Далее Грибоедов как очевидец свидетельствовал, что в Грузии бунта не было и нет: «На плоских здешних кровлях красавицы выставляют перед прохожими свои нарумяненные лица, которые без того были бы гораздо красивее, и лениво греются на солнышке, нисколько не подозревая, что отцы их и мужья бунтуют в „Инвалиде“… Вечером в порядочных домах танцуют, на
Грибоедов не отрицал, что не бунт, а некое военное столкновение с горцами имело место в конце прошлого года, и даже его описал, но предложил интересующимся заглянуть в географические карты: «Они ясно показывают, что события с Кавказской линии так же не годится переносить в Грузию, как в Литву то, что случается в Финляндии».
Последнее сравнение было понятнее всего в Петербурге, а для того Грибоедов и взялся за опровержение, что из столицы некоторые вещи видятся иначе, чем с места, «которое ему повелено занимать при одном азиатском дворе»: «Российская империя обхватила пространство земли в трех частях света. Что не сделает никакого впечатления на германских ее соседей, легко может взволновать сопредельную с нею восточную державу. Англичанин в Персии прочтет ту же новость, уже выписанную из русских официальных ведомостей, и очень невинно расскажет ее кому угодно в Тавризе или Тейране. Всякому предоставляю обсудить последствия…»
Александр понимал, что его резкую отповедь не напечатают в «Инвалиде», и послал ее Гречу в «Сын Отечества», где она и появилась вскоре. Благодаря этому он смог заключить статью настоятельным пожеланием ко всем читателям: «Потрудитесь заметить почтенному редактору „Инвалида“, что не всяким турецким слухам надлежит верить, что если здешний край в отношении к вам, господам петербуржцам, по справедливости может назваться „краем забвения“, то позволительно только что забыть его, а выдумывать или повторять о нем нелепости не должно».

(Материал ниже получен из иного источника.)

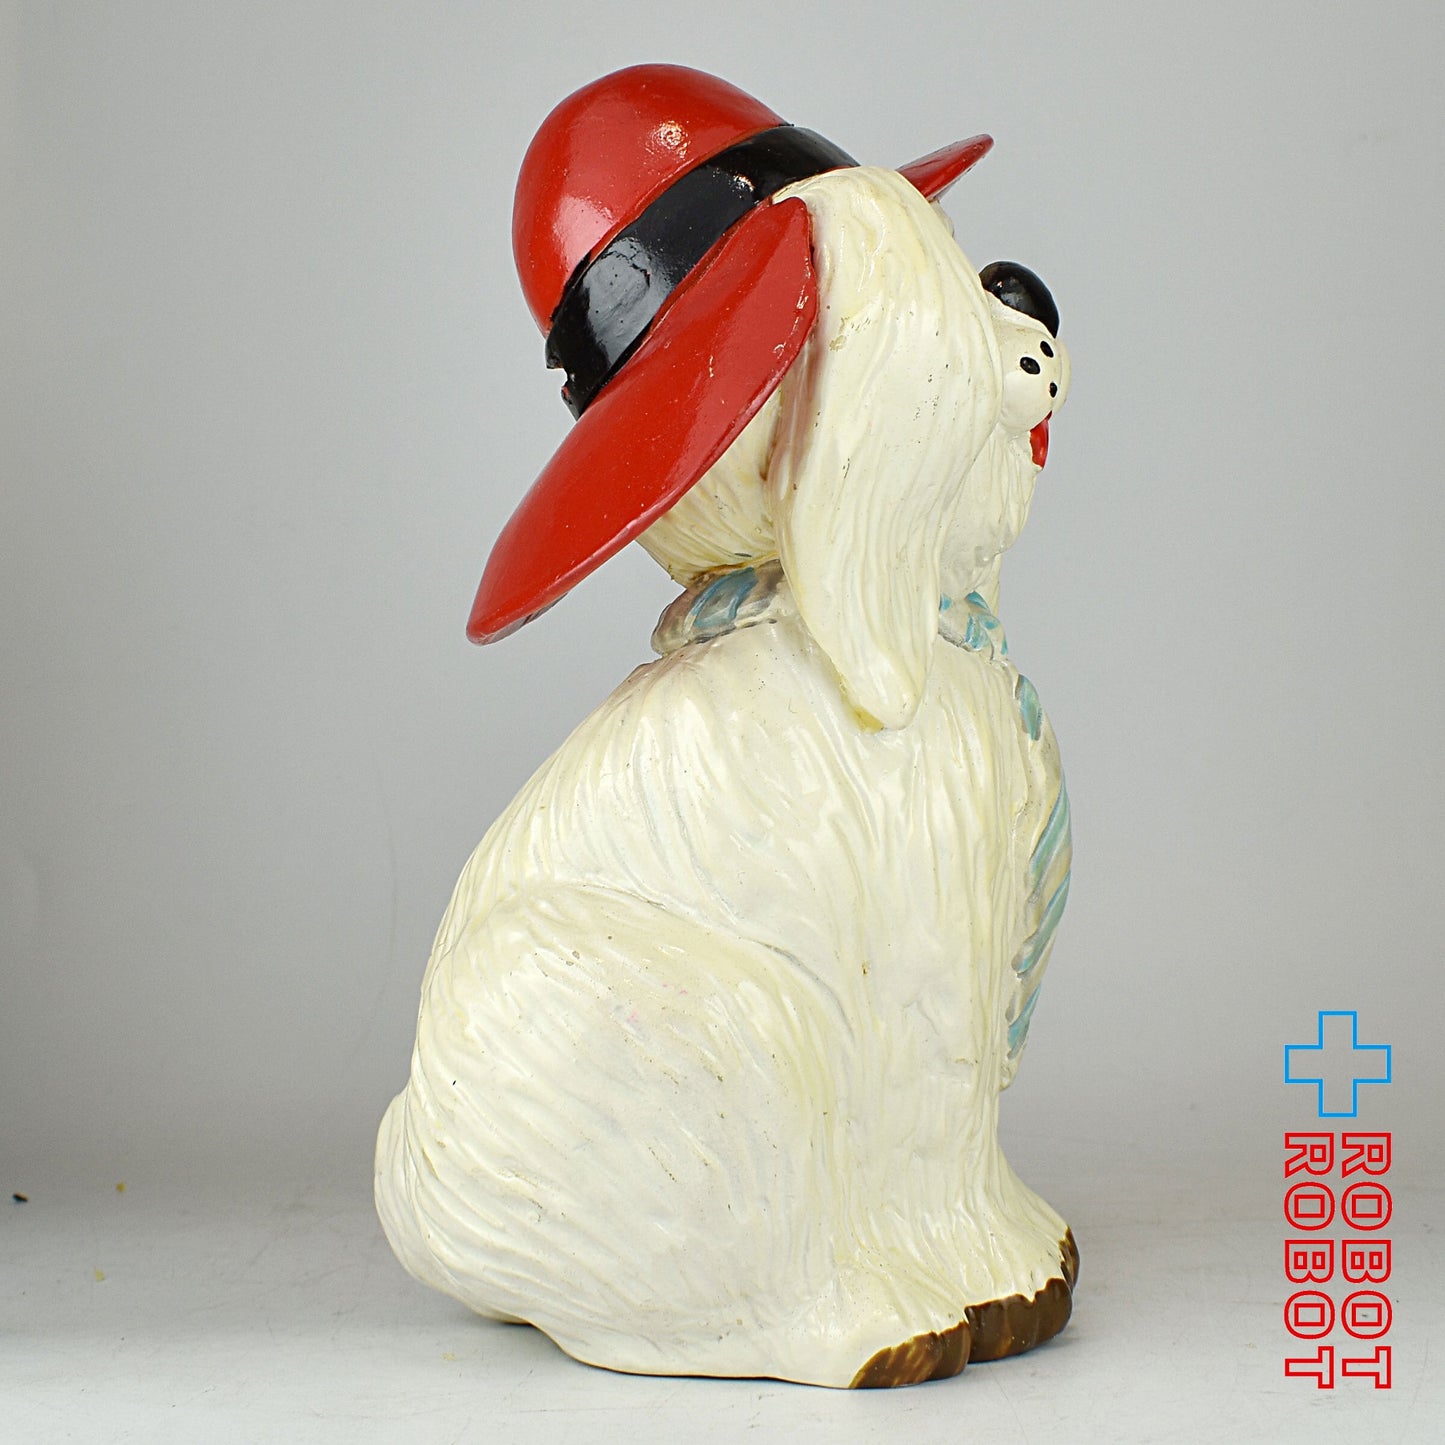 赤い帽子とネクタイの犬 コッカースパニエル ソフビ貯金箱 1983

Статья Грибоедова имела у Ермолова огромный успех, и Муравьев с трудом мог утешить себя тем, что генерал не дал хода другой его заметке — о недавнем землетрясении в Тифлисе. Грибоедов впервые испытал скверное ощущение от качающейся земли и рушащихся домов и передал его так живо, как показалось неуместным привыкшему к подобным передрягам начальнику: еще подумают в России, что жизнь в Грузии небезопасна! Ермолов велел переписать заметку Грибоедова попроще, смягчив яркие краски, но Муравьев все равно остался недоволен.
16 января дело чуть не дошло до дуэли. Муравьев придрался к шутливому вопросу Грибоедова о некоем толстяке Степанове: не тот ли, мол, это человек, которого боится Муравьев? Николай Николаевич вспылил:
— Как боюсь, кого я буду бояться?
— Да его наружность страшна, — объяснил Грибоедов.
— Она, может быть, страшна для вас, но совсем не для меня, — отрезал Муравьев, сердито подозвал Амбургера и спросил его громко при всех, слышал ли он, что сказал сейчас Грибоедов. Амбургер благоразумно решил не обращать внимание на вопрос, а Грибоедов еще раз повторил, что находит Степанова страшным, потому что тот громаден. Муравьев несколько остыл, но случай оставил у всех неприятный осадок.
Между тем злость Муравьева имела под собой основание: Грибоедов действительно каждый день по несколько часов проводил у Ермолова, беседовал с ним о Петербурге, о Польше, которую оба хорошо знали, искренно восхищался его старинного образца красноречием, часто спорил с ним, однако ни разу не переспорил. Он хотел получше узнать генерала и стать ему близким человеком, но не ради какой-то малодостойной цели. Он очень ясно сознавал, что жизнь членов русской миссии в Тегеране целиком отдана в руки Ермолова. Тому дано право объявлять войну и заключать мир; вдруг придет ему в голову, что границы России недостаточно определены со стороны Персии, и он пойдет их расширять по Аракс! Что тогда будет с дипломатами, ставшими заложниками персиян? Александр вовсе не хотел погибнуть ни за что; если уж он забрался так далеко, пусть отныне спорные вопросы решаются переговорами, а не пушками. Мазарович тоже понимал трудность своего положения, он давно знал Ермолова, еще с тех пор, как сопровождал его в самом первом русском посольстве к персидскому шаху. Но сам он не мог надеяться на доброжелательность Алексея Петровича (Ермолов его не уважал) и предоставил Грибоедову возможность испытать на главнокомандующем свое обаяние. Уже садясь на коня в день окончательного отъезда, Александр полушутливо сказал провожавшему Ермолову:
— Не обрекайте нас в жертву, ваше превосходительство, если когда-нибудь затеете войну с Персией.